Караван Ричардсона состоял из такого же числа верблюдов. Среди прочих вещей он захватил с собой и пронес через всю пустыню большую разборную лодку для предстоящего исследования озера Чад. Это «сооружение» повсюду привлекало к себе внимание жителей и вызывало их немалый интерес.

Ученым был придан помощник Мухаммед эль-Гатрони, опытный проводник караванов, ставший верным спутником Барта на протяжении целых пяти лет. Следуя его совету, участники экспедиции для облегчения контакта с коренным населением взяли себе арабские имена. Так, Барта, который благодаря превосходному знанию арабского языка и Корана вполне мог сойти за марабута, назвали Абд эль-Керимом (что значит «слуга Всемилостивого»), Овервегу, отличавшемуся знаниями в области медицины и всегда готовому прийти на помощь, было присвоено имя Табиб («врач»), а Ричардсон выбрал себе библейское имя Якуб.

В конце концов все было готово: можно и отправляться. Чтобы избежать резкого перехода от уютной городской жизни к полной трудностей кочевой, Барт предложил провести сначала несколько дней в палаточном лагере за городом. Здесь караван оставался до 29 марта, а затем взял курс на Сахару. Пройдя небольшой отрезок пути, он остановился, чтобы дождаться Ричардсона, и днем окончательного выступления экспедиции стало 5 апреля.

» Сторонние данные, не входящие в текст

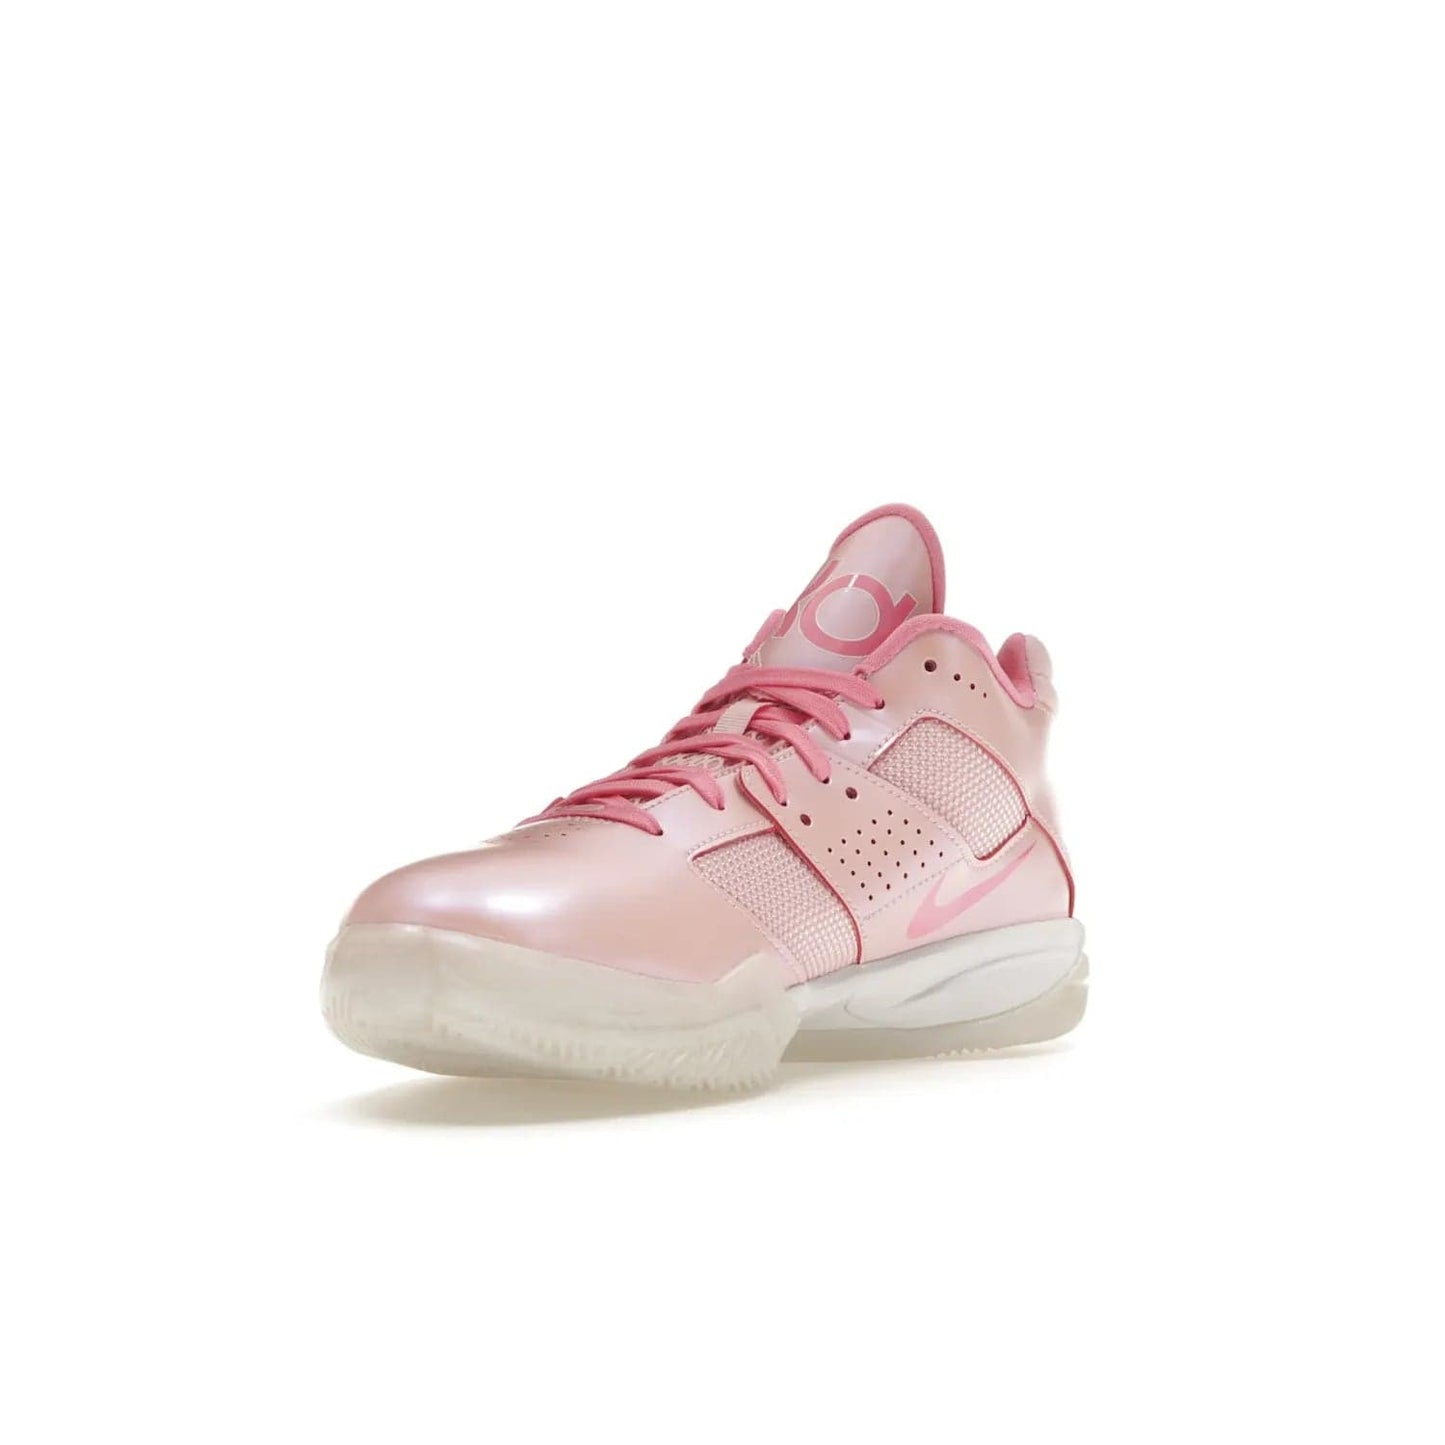 Nike KD 3 Aunt Pearl - Image 14 - Only at www.BallersClubKickz.com - Introducing the Nike KD 3 Aunt Pearl. Featuring a bold Medium Soft Pink, White, & Lotus Pink colorway. Get ready to stand out this October 15th.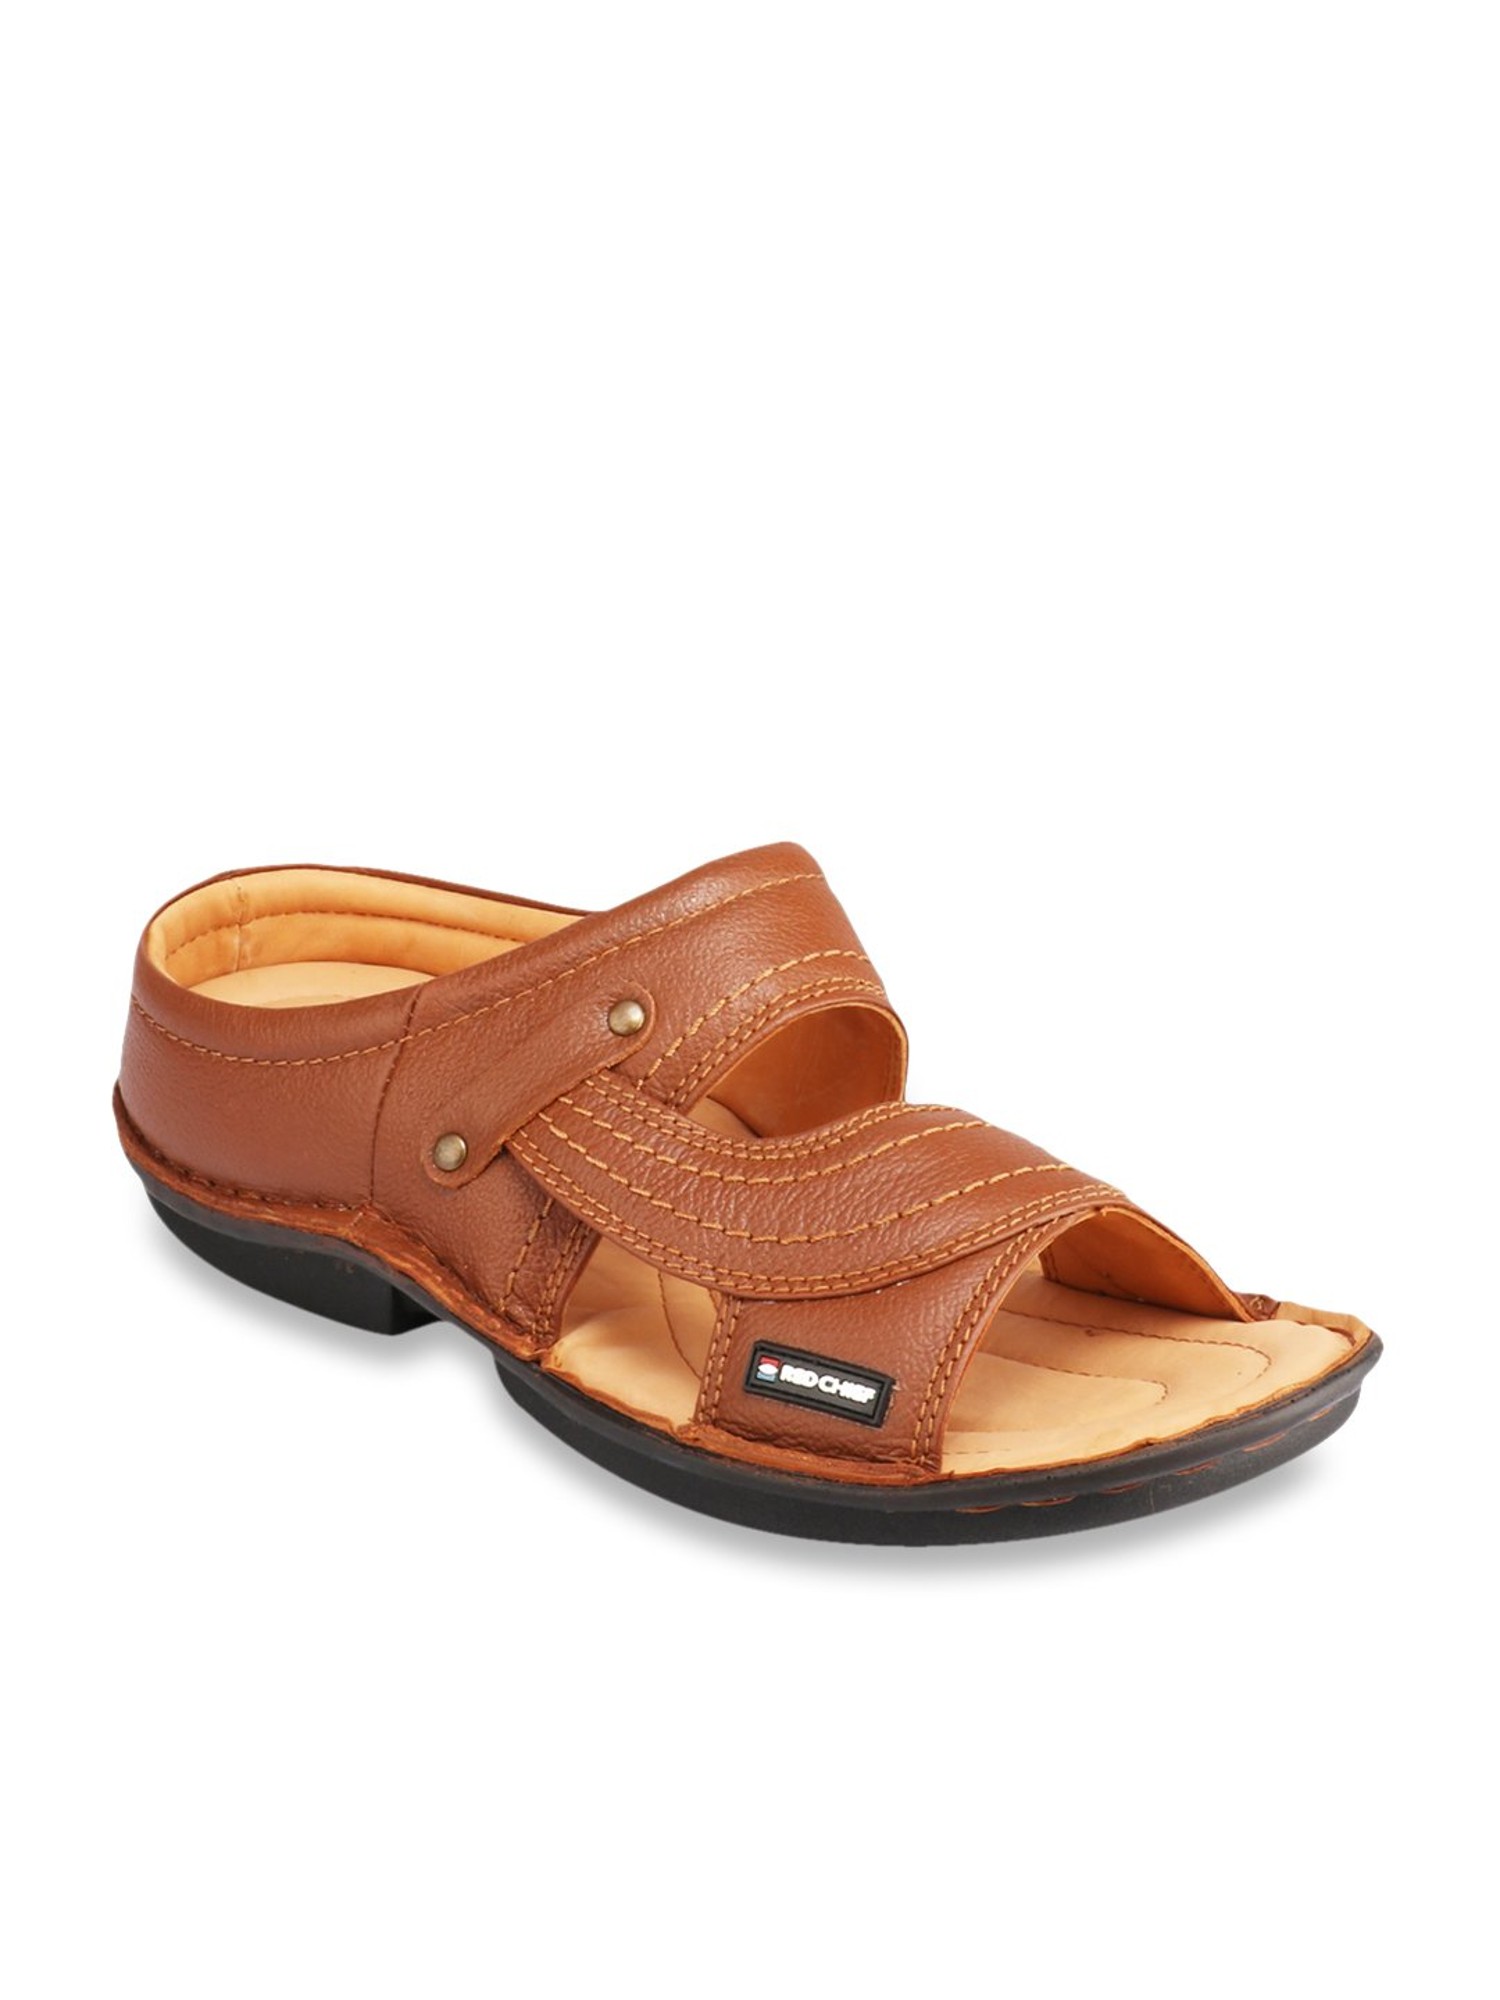 Red Chief Tan Casual Sandals from Red

В начале пути ландшафт отличался разнообразием — оливковые рощи чередовались с полями, — однако довольно скоро путешественники почувствовали близость пустыни. Ряд полуразрушенных временем и погодой придорожных столбов свидетельствовал о том, что здесь когда-то пролегала римская дорога в глубь континента. После утомительного перехода 7 апреля караван достиг оазиса Мизда — вероятно, очень древнего поселения, которое уже упоминалось в описаниях александрийского ученого Птолемея (около 90–160). Искусно проложенная оросительная система позволила здесь возделывать поля и выращивать финиковую пальму.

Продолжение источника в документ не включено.